Tenho este sabor ainda na boca, de não reconhecer o caminho

16 julho 2011

Tenho este momento só meu, todos os dias, mesmo que seja tarde e esteja cansada.
Há 10 anos atrás, baixava os braços sem noção da urgencia, sem força. Há muito que não ousava enfrentar-me, trocar uma palavra comigo. Há 10 anos, o tempo ultrapassara-me numa busca frenetica de ver o mundo girar ao contrário. Na minha ilusão, a lucidez doia demais e a vida cegava-me, ou senão, ofuscava-me de cegueira.
Hoje pensei que me doi ver, olhar para trás e já não ter o dom de me cegar. Entretenho-me numa arrogância experimentada, defesa minha solitária. Já não me apetece ofuscar-me sequer, de altivez ou convicção.
Não sei se sou boa pessoa, não sei se a meio do caminho me orgulho ou castigo. Tenho numa pequenês o meu orgulho sofrido, tenho no medo o meu sentido e na coragem, os momentos mais intimos comigo. Como li, envelheci depressa, voei sem asas e caminhei demais descalça. Mas estou aqui, viva.
Não me perdoo em convicções que não cabem  na minha alma, acho que ainda nem me descobri.
Sei do que seria capaz, por ti.
Sei que me sinto sozinha na grandiosidade deste mundo que aguarda, que a ironia me ensina. E hoje, senti-me bonita, cá dentro. E não é sempre assim.
Hoje, estendeste as tuas mãos pequeninas e tocaste a minha cara com um carinho que vou aprendendo ser tão maior, e em silencio, ensinas-me mais que alguma vez fui capaz de beber da vida que me rodeia. Decresço no gesto, bebo este sentir tão novo.
Vou sentar-me e ver-te dormir.

14 julho 2011

Cerro os dentes, e travo os sentidos contrários na minha mente. Gravo na pele a promessa de algo divino que me acorreu.  Continuo surpresa com o poder que me assiste, desconexa na opinião. Onde encontro o equilibrio da razão e do sentimento?
Dorida na pele e no instinto, lembro-me que mais tarde, verei o sentido. Lembro-me de uma musica que me acompanha, Pangea, e que me traz a mais nobre lição, de que nada se empreende contraria ao movimento do mundo, só assim percebo o destino e o meu acaso. Só assim aceito que o mundo se abre quando eu não busco, nem domino. 
Aspiro e adivinho, sem sentido, o poder da minha mente, perante a dor e a alegria, perante a minha pequenês, outrora rebeldia e altivez. O mundo gira nesta direccção, dita uma voz que não ouso ler.

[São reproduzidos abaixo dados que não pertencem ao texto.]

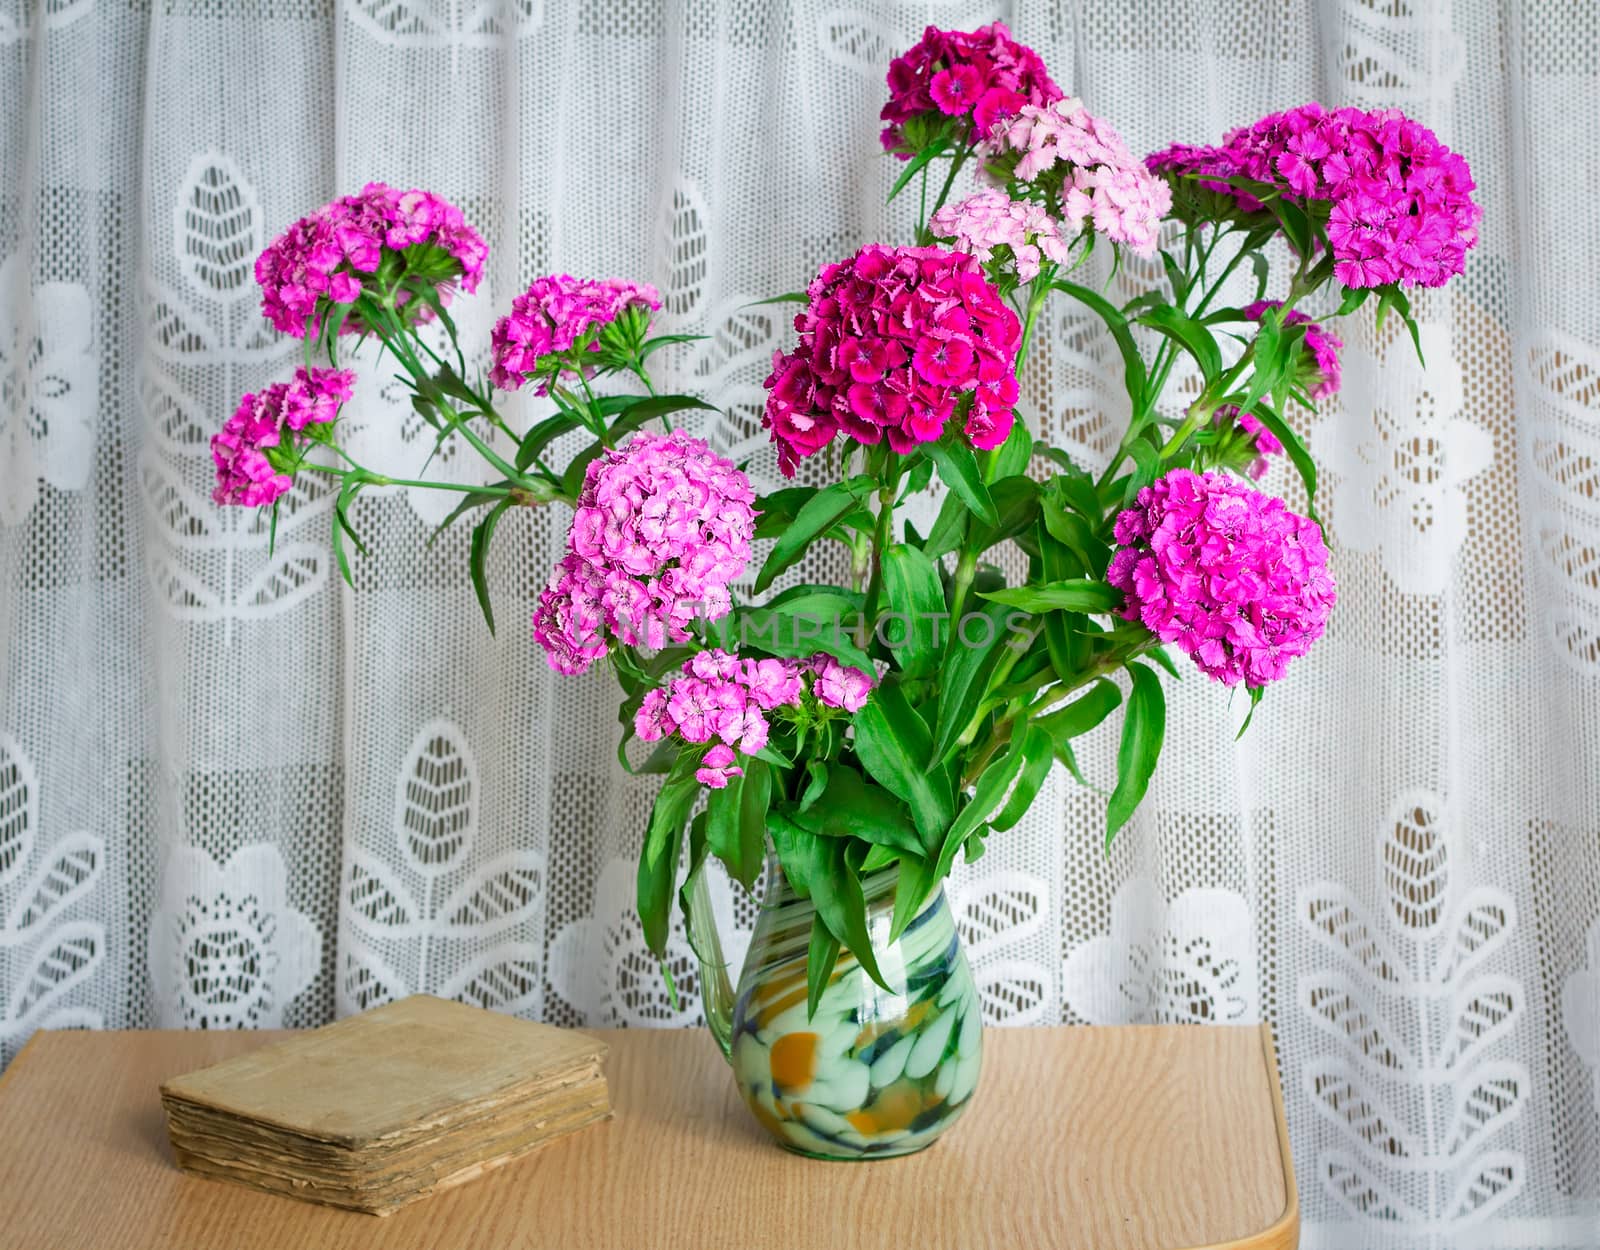  Still life: a beautiful bright pink and red flowers carnations in a glass vase on the table next to the old book.

Não creio em Deus, mas sou crente. Não controlo mas nem aceito. No dia em que me detiver, morrerei por falta de rumo.
Por uma vez na vida, não sigo, caminho.

10 julho 2011

Hoje partilhei contigo a mescla de cores que estes dias oferecem, os teus olhos claros brilhavam numa direcção que não sabia antecipar. Houve um instante pequeno que me apeteceu correr muito, expirar este fôlego contido que insiste em não sair.
Às vezes, esta claridade ofusca. Sabendo, canso-me de mim. Canso-me de pensar, de julgar. Sou minha inimiga em tantas horas, e se antes desmoronada e calada, atrevo-me a ajoelhar-me e a pegar em cada pedaço meu espalhado. Não sei se cresci...Não encontro o principio e as ideias são vagas soltas de um levante cinzento e demasiado claro para não o ver. 
Desconcerta-me a linearidade das frases e dos conceitos, se em mim, tudo existe numa devida e prometida desordem. A meio da vida, não sei demasiadas coisas e sei outras que julgava poder esquecer. Guardo-me em instantes desconexos. Como agora.
Na calçada passeiam-se casais de mão dada e eu penso, na viagem que me falta fazer, nos gestos mecanicos que facilitam o embaraço, na castração dos impetos, penso no ser pequeno que abraço e no sorriso que me descansa e acalenta. Penso nos fins de tarde numa mesa maior ainda, com este mar defronte e um prato de conquilhas. Penso nas parvoices minhas, são minhas por serem assim.

Dia de calmaria lá fora, de sorrisos e abraços. abraços de que senti tanta falta e, cá dentro esta voz que se cala, de teorias e conceitos, por ser urgente beber a vida.